Прошу тебя, милая, только ты можешь помочь мне – действием или советом. Мы способны положить конец кровопролитию, только вместе способны. Сезаруса уже не убедить – он тихо сходит с ума от своих странных идей, он не отступится, да и поздно ему отступать. Одна я не смогу ничего сделать, но будь ты рядом – телом или хотя бы мыслями, смелости во мне бы заметно прибавилось.
Прости за сумбур моих мыслей, я так сбита с толку и напугана, что едва не схожу с ума. Успокой меня, умоляю. Знаю, что не могу такого просить, но всё же прошу: приезжай ко мне, я приму тебя во дворце и смогу сделать так, чтобы в пути тебе ничего не грозило. Помоги вернуть мир в наше мёртвое Царство и знай: я не останусь в долгу.
Жду твоего скорейшего ответа,
царица Азария
Глава 12. Одиннадцать ударов
– Мне пора идти, – сонно проговорил разомлевший князь. – Подумать только, снилась какая-то жуть: восставшие мертвецы… к чему бы?
Я погладила его по груди и улыбнулась – так, чтобы не выдать своего напряжения. Накануне меня подозвал мальчишка-воробей – я прогуливалась с Солоной по двору – и шепнул нечто, поднявшее мой дух. Если всё сложится, то уже скоро моя затея претворится в жизнь, а я стану истинной спасительницей Царства. Осталось лишь недолго побыть лукавой искусительницей.
– Побудь со мной ещё немного, Лерис.
Он улыбнулся мне в ответ и намотал на палец прядь моих волос.

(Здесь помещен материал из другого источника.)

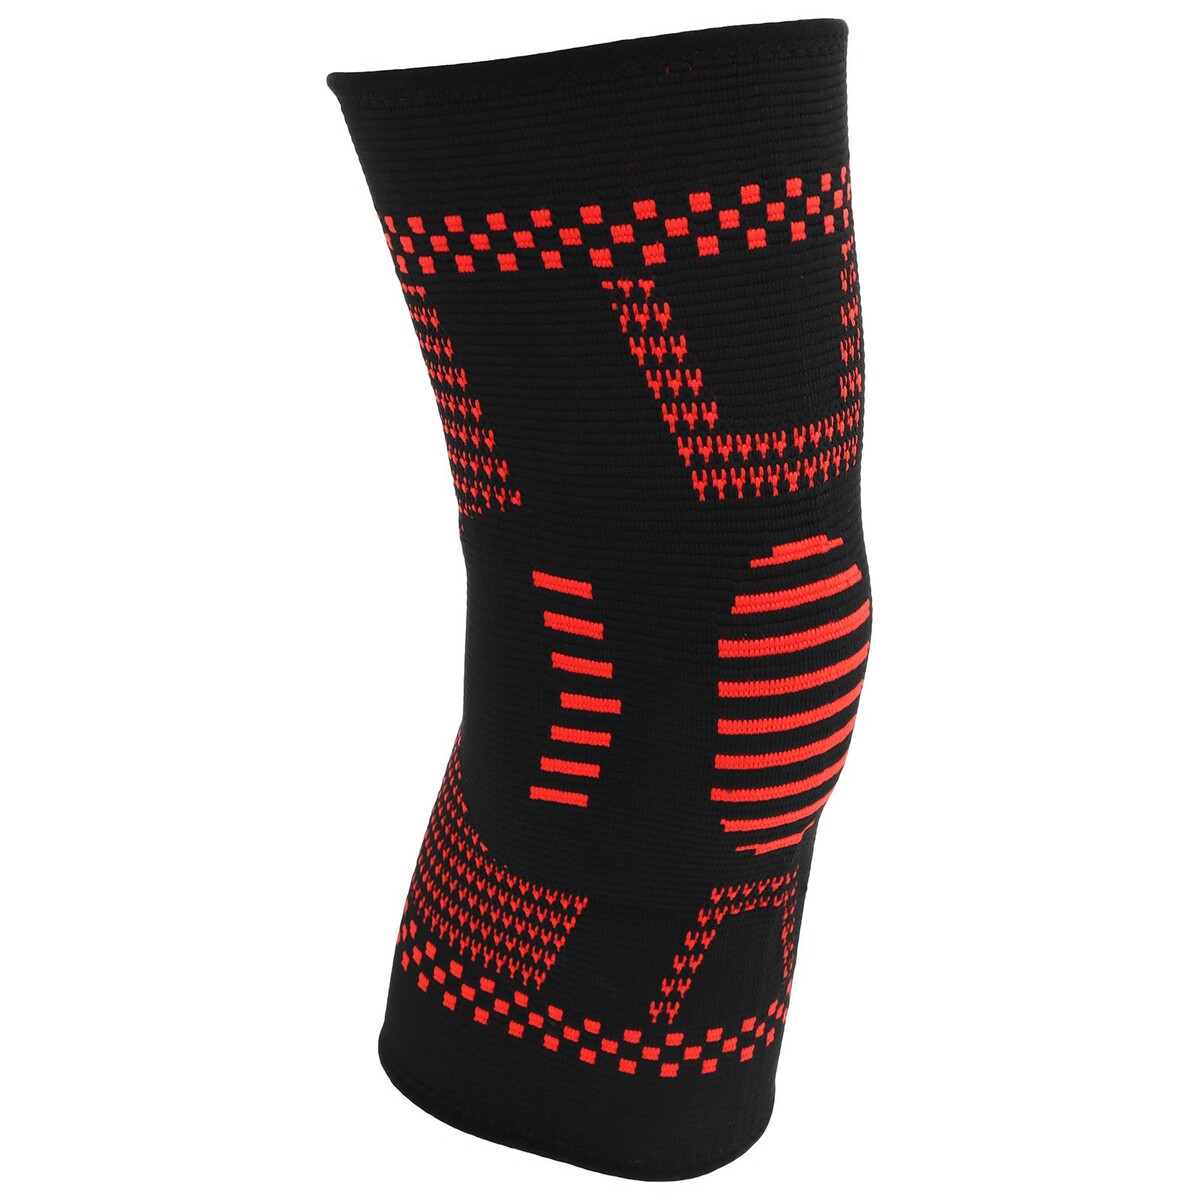 Суппорт колена,размер универсальный (1 шт), цвет чёрный/красный No brand 0980021 - фото 3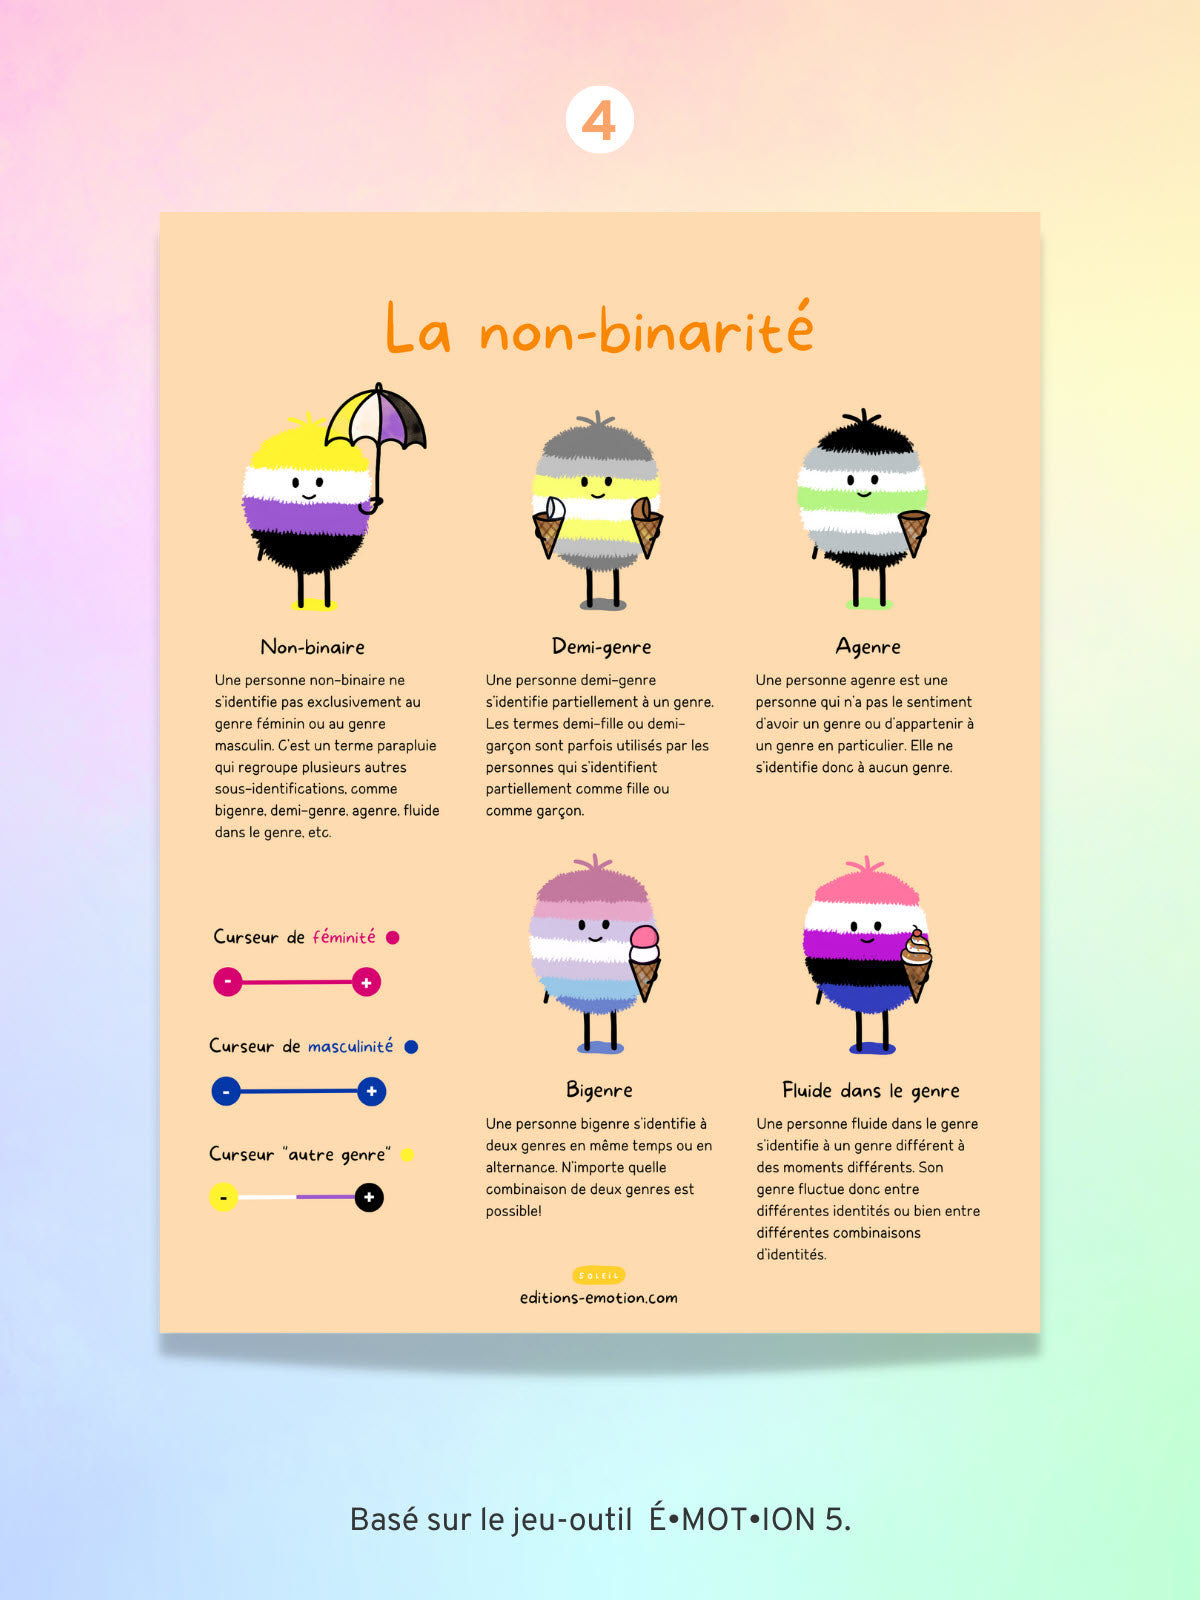 Affiches - Diversité sexuelle et pluralité des genres | Les Éditions Émotion

– Хитрая ты ворожея-чужеземка. Тянет к тебе, как к ручью в жару. Околдовала, что ли?
– Может, и околдовала. – Я безмятежно улыбнулась. – Ты не захотел делиться со мной нечистецкой ворожбой, так я сама как сумела, так и наворожила.
Мысленно я считала мгновения и прислушивалась так, что в голове начинало гудеть. Я гадала, смогут ли люди Раве пробраться на княжий двор, а затем и в терем? Остановят ли их по дороге? Найдутся ли они, что сказать в ответ? Смогут ли дать отпор? Моя безрассудная затея висела на волоске, но Раве поддержал бы её, я знала. Кто, как не он. Был бы командующим Лагре, он бы всеми силами постарался отговорить меня от кровопролития, но Раве – нет. Как странно вышло: я сама истово не желала войны, но что делать, если для этого всё равно нужно кого-то убить? Лучше смерть того, кто опасен и алчен, чем гибель многих невинных.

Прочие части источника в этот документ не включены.